For chemical inventions a corresponding system, the Chemical Patents Index (CPI) Manual codes, has been applied to chemical inventions in DWPI for over 35 years and currently comprises around 8,700 codes. These are applied on the basis of the title, novelty and use/advantage sections of the abstract and are used to describe the novel features of the invention.

Additional deep indexing tools are available for chemical patents that cover Pharmaceutical, Agrochemical and General chemistry (Chemical indexing) and for Polymer chemistry (Polymer indexing). Deep indexing covers more comprehensive retrieval systems where the compounds and concepts that are important in the patent are associated with the functions / activities they have and/or describe the processes carried out on them.

Further details of these classification and indexing systems

Journey's end

Once the preliminary processing to . . .

  • convert and correct the raw patent data
  • standardize company names
  • distinguish new inventions from patent family members
  • provide a value-added title and detailed abstract
  • classify and index to provide rich and comprehensive search and retrieval capability

. . . is complete, the final stage is to provide the DWPI record to professional search platforms including the online hosts and Delphion.

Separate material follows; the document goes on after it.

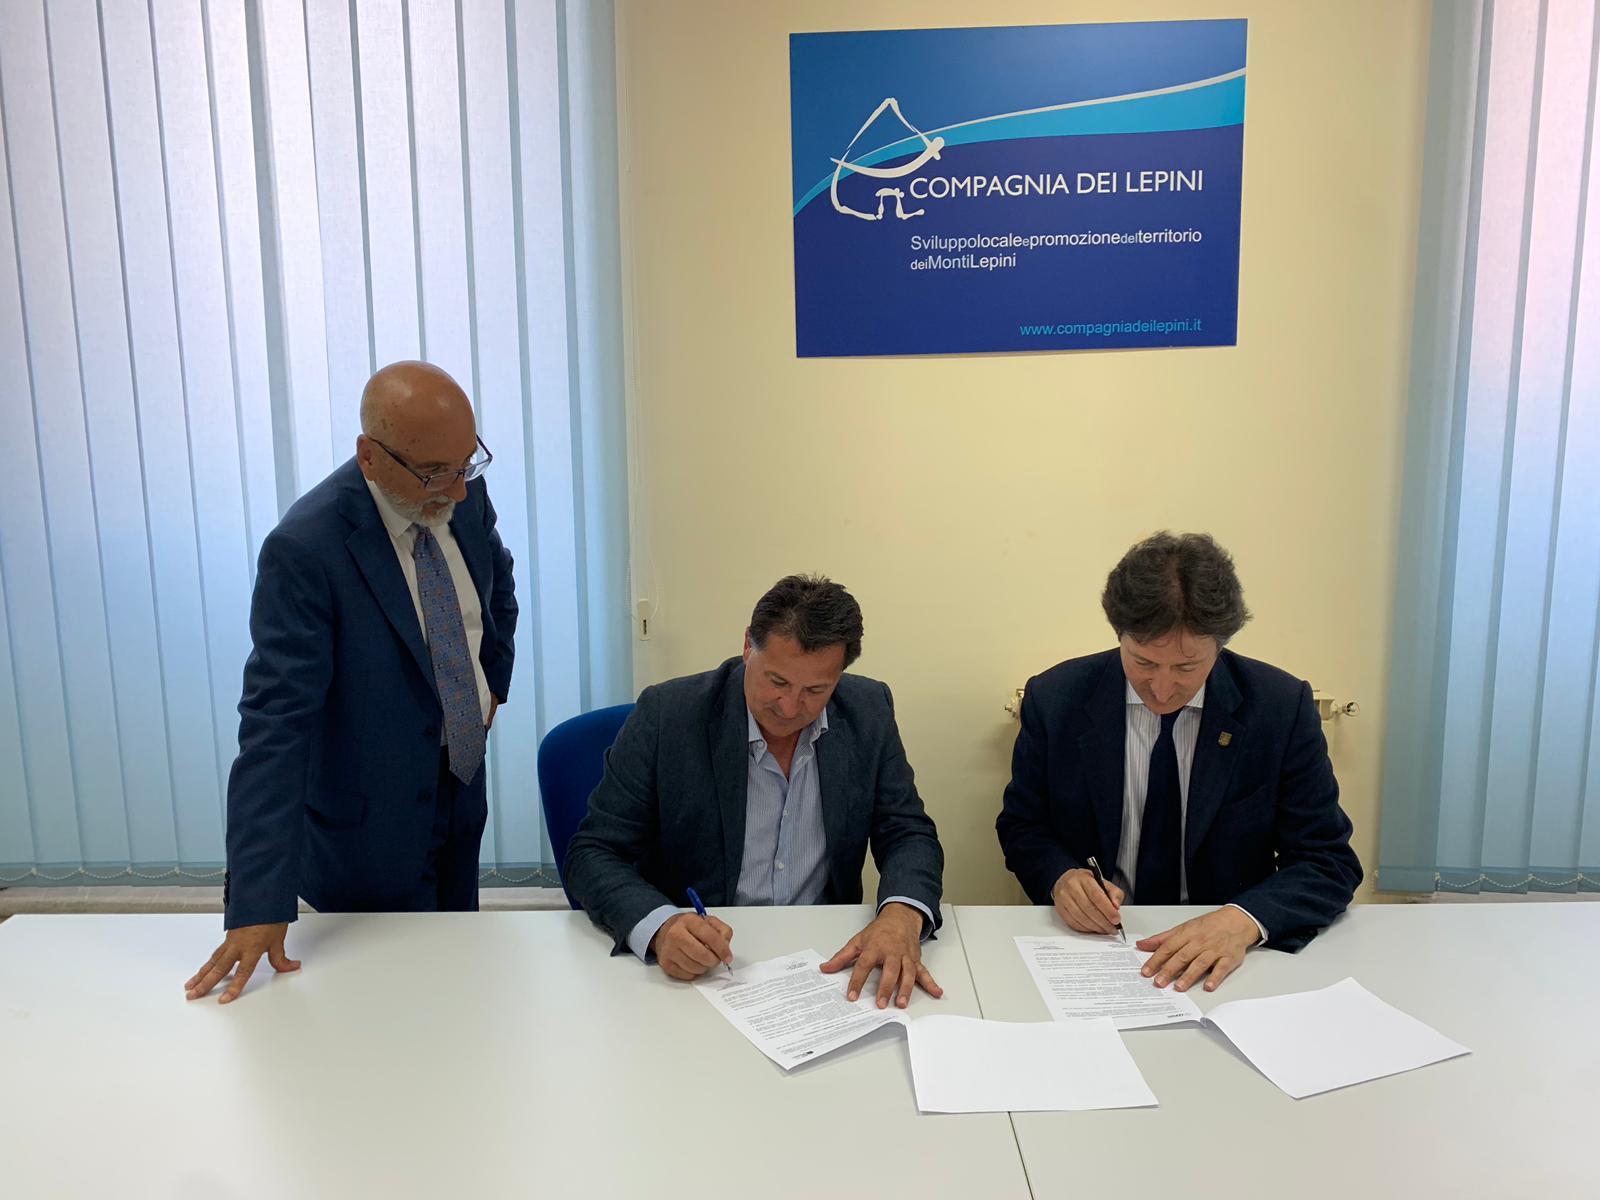 firma-protocollo-intesa-compagnia-dei-lepini-e-film-commission-1

Here the record is added to update the DWPI database where users can search and precisely retrieve patents information relevant to their research needs from over 40 patent issuing authorities spanning over 40 years.

Who can imagine what technological developments will take place over the next 40 years? Whatever they may be, Thomson Scientific will be there to abstract and index the inventions for inclusion to the DWPI database to provide customers with access to the world's most comprehensive and valuable source of value-added patent information.